Source material:
________

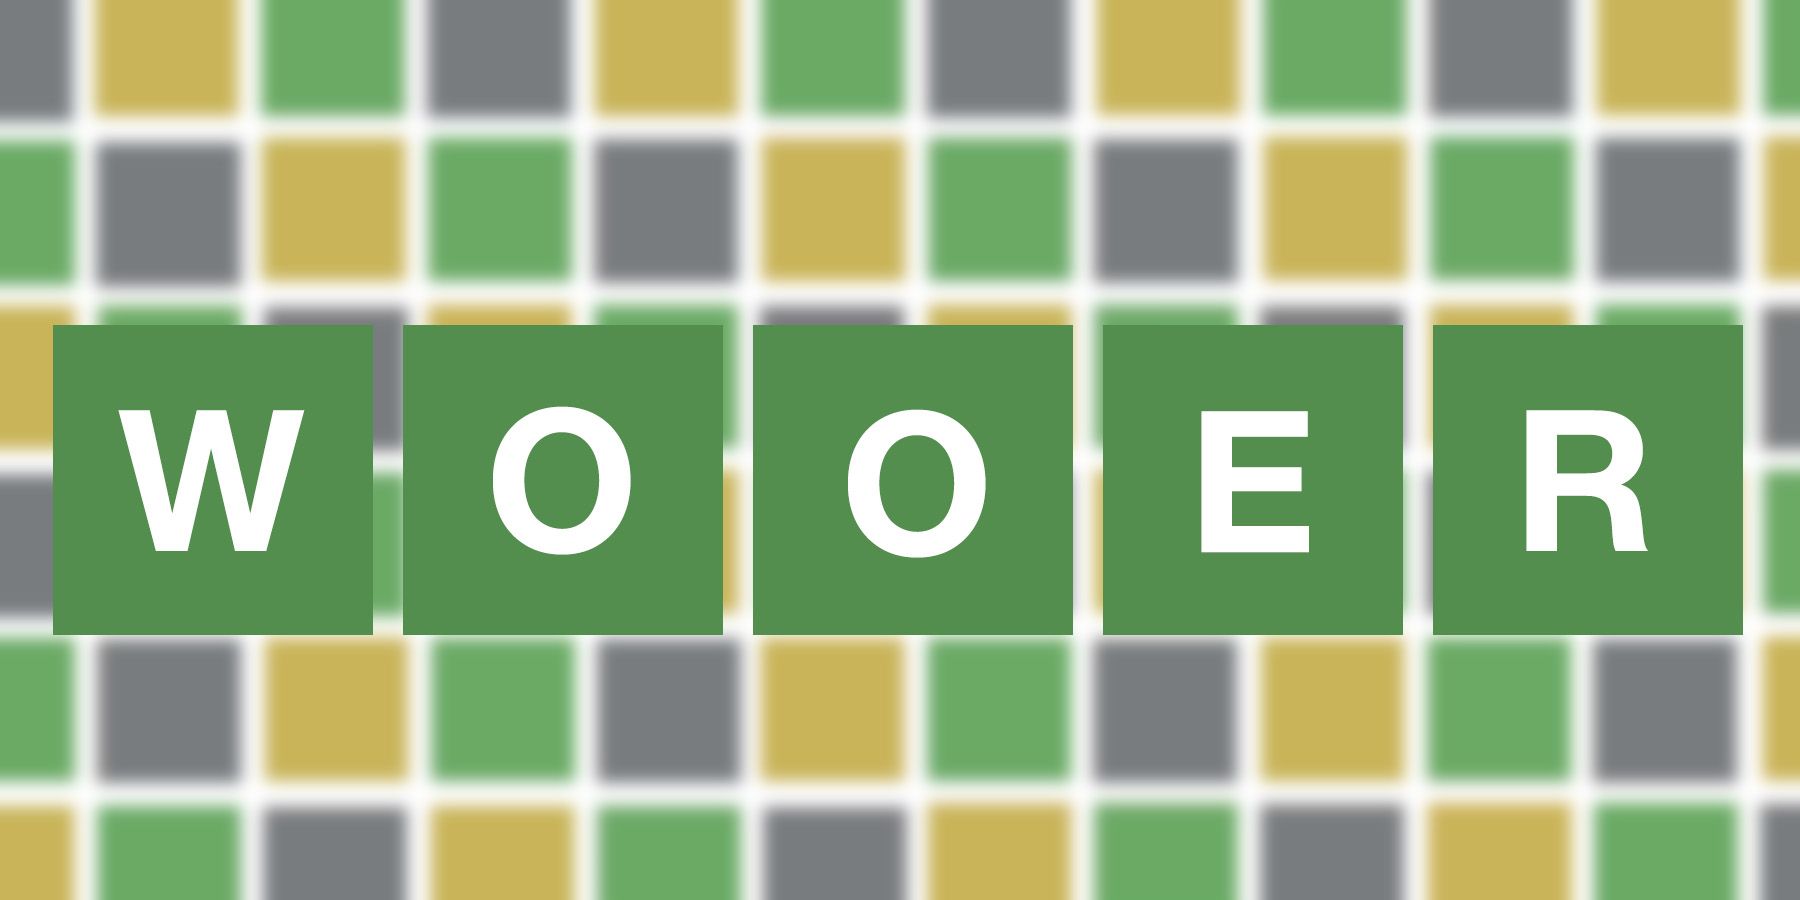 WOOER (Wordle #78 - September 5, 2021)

________

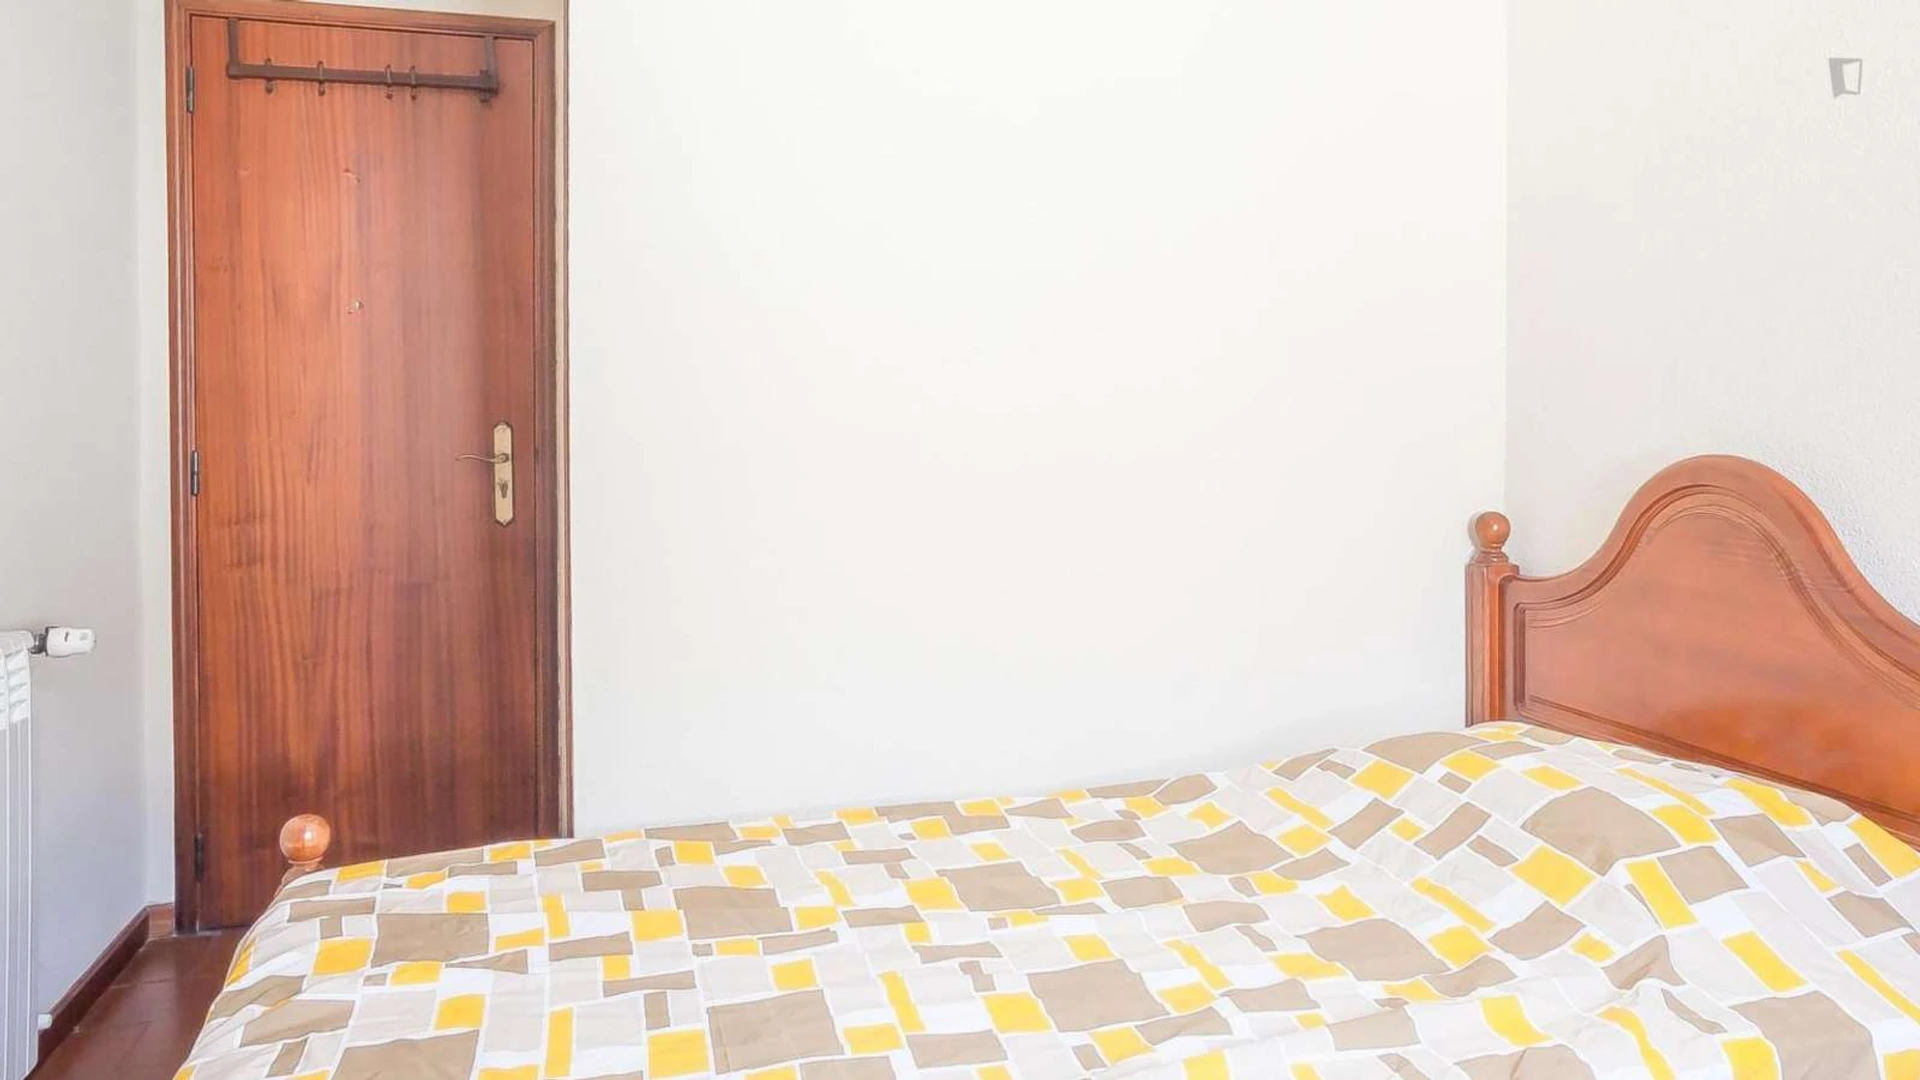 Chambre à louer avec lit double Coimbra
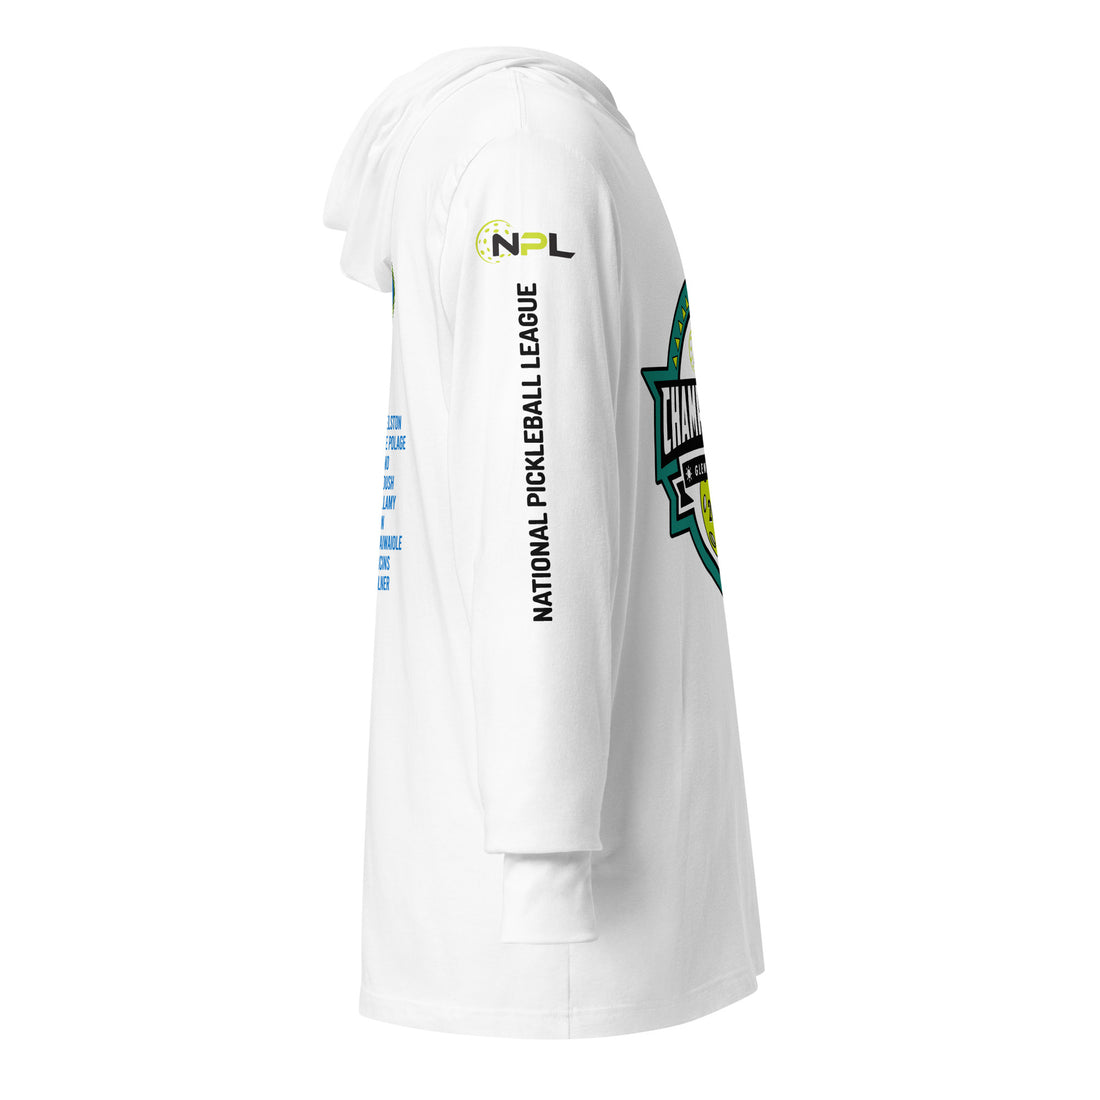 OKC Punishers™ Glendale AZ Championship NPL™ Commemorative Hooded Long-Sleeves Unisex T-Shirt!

________

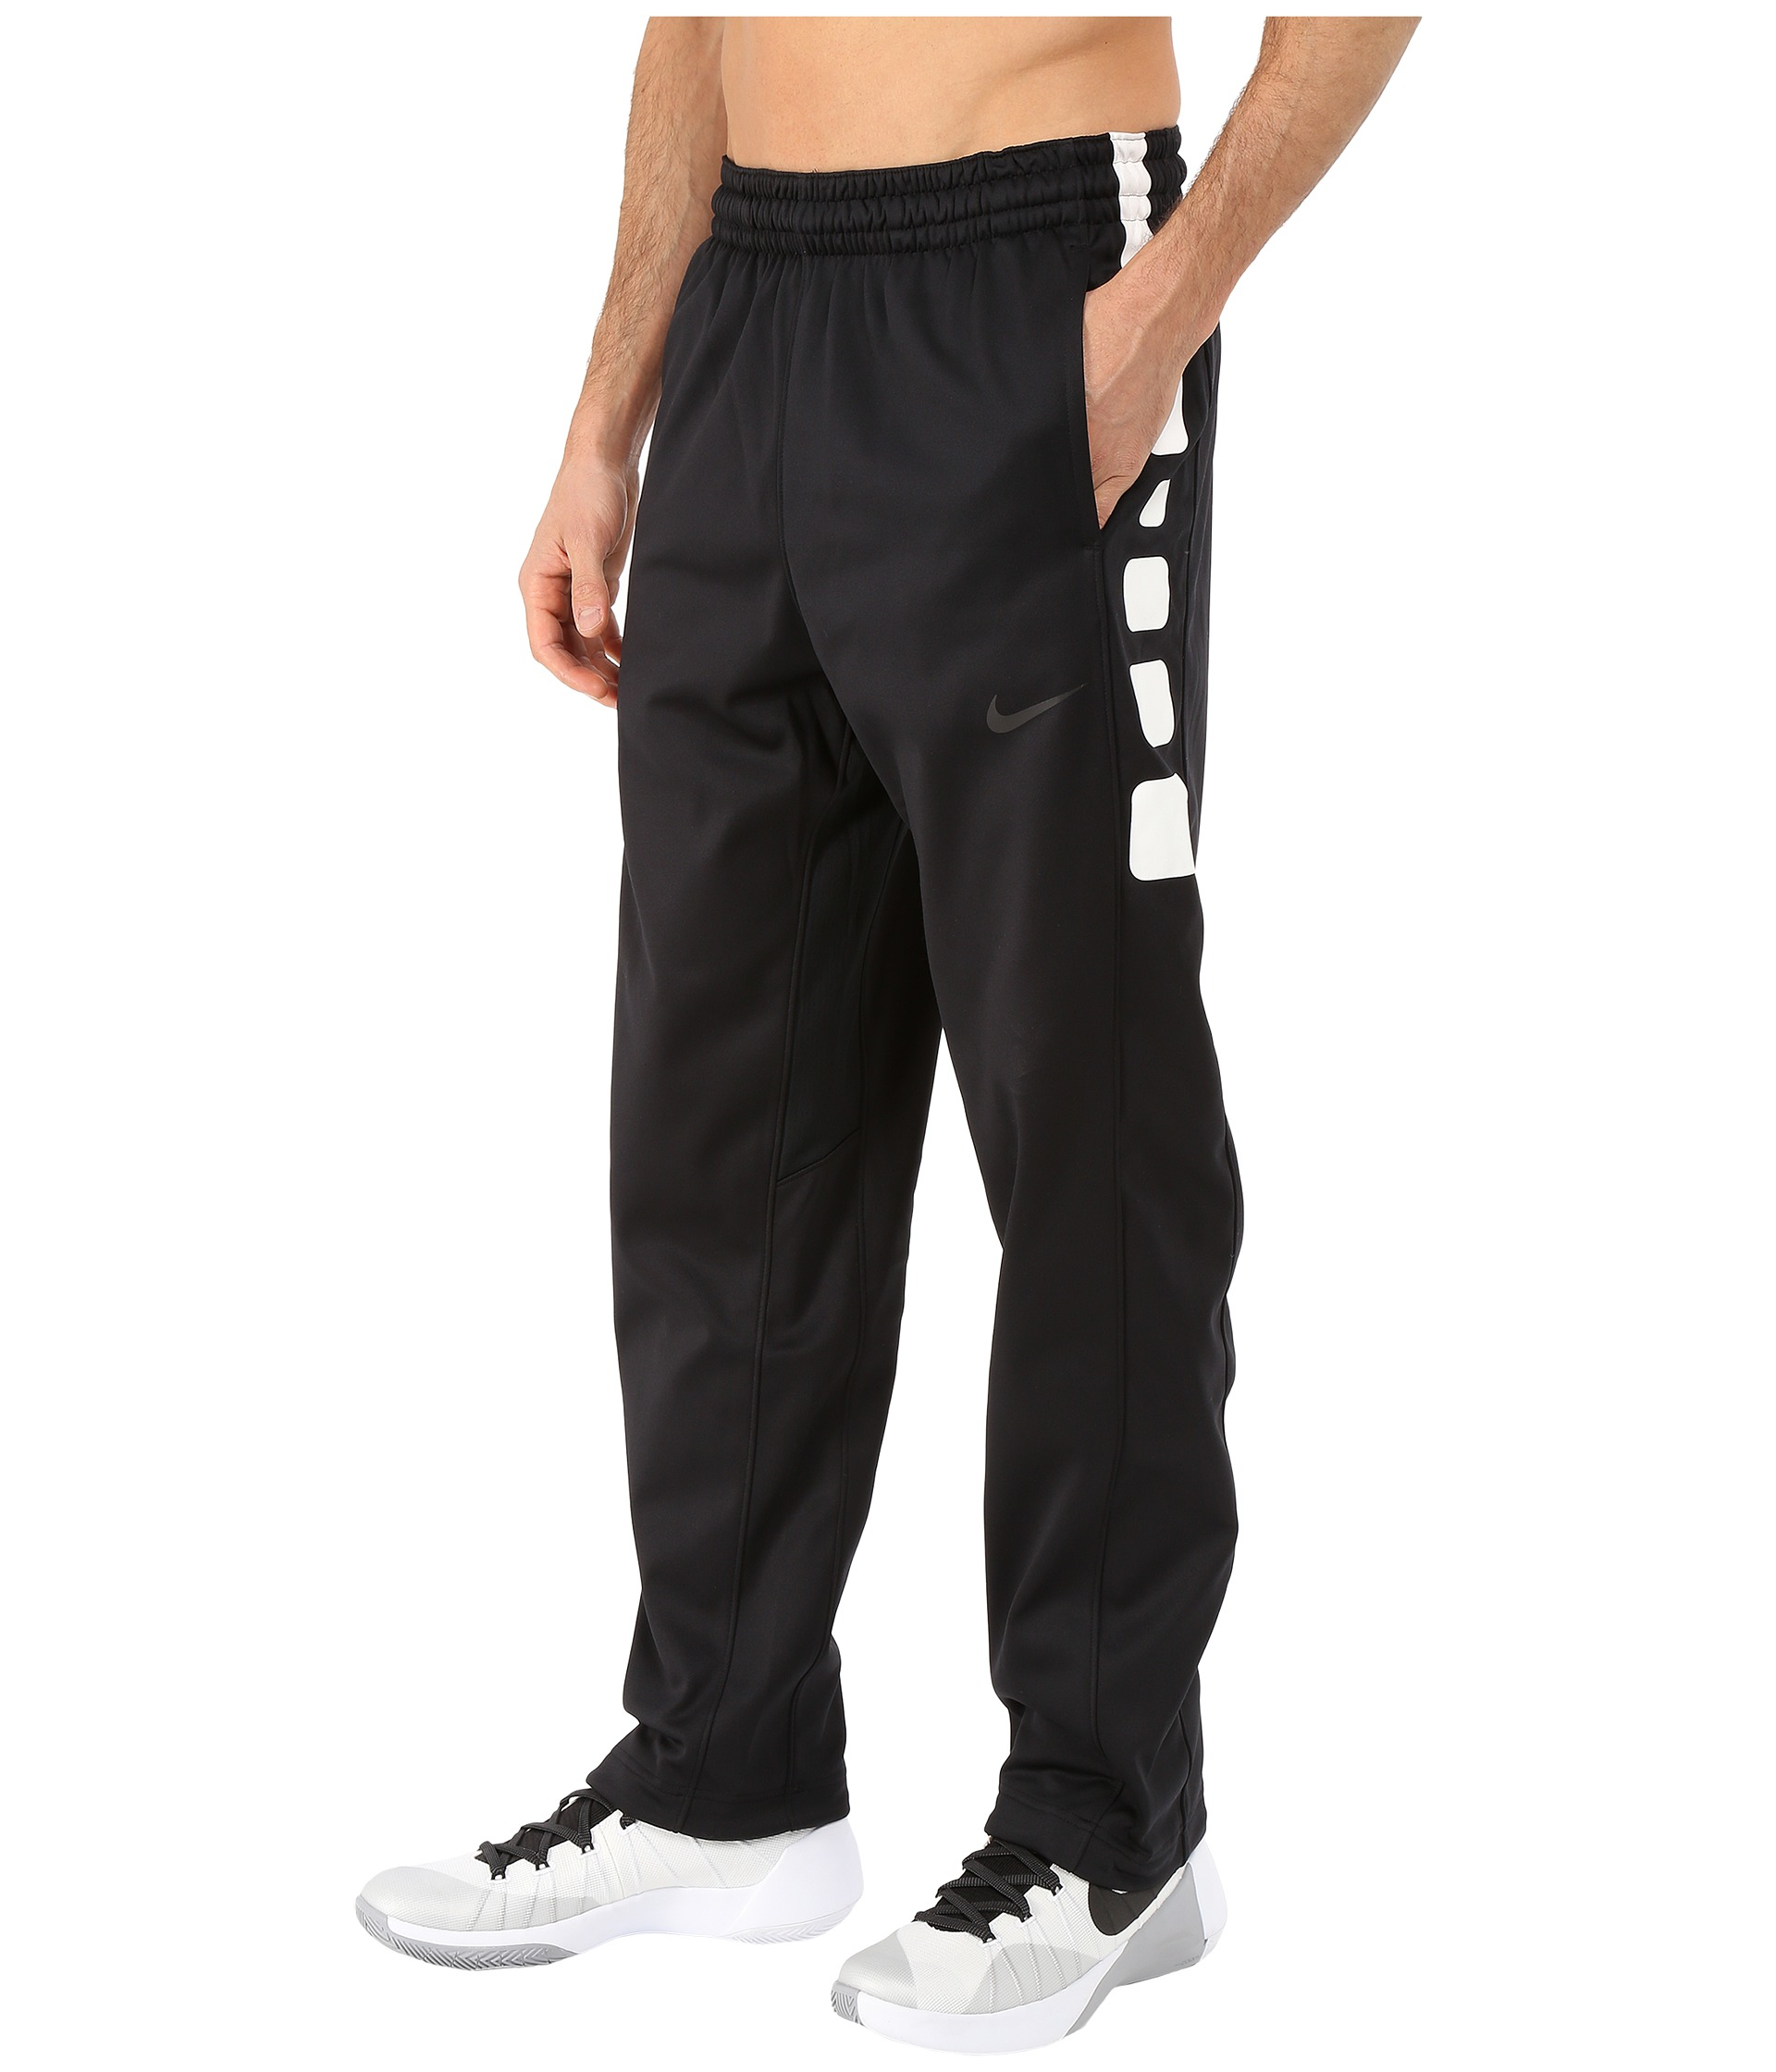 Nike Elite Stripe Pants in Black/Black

________

Work request:
All pictures are to be skipped. Output, word for word, the lines in the data above starting at the line containing "Chambre à louer avec lit double Coimbra" and ending at the line containing "OKC Punishers™ Glendale".

Finished task:
 Chambre à louer avec lit double Coimbra
 OKC Punishers™ Glendale AZ Championship NPL™ Commemorative Hooded Long-Sleeves Unisex T-Shirt!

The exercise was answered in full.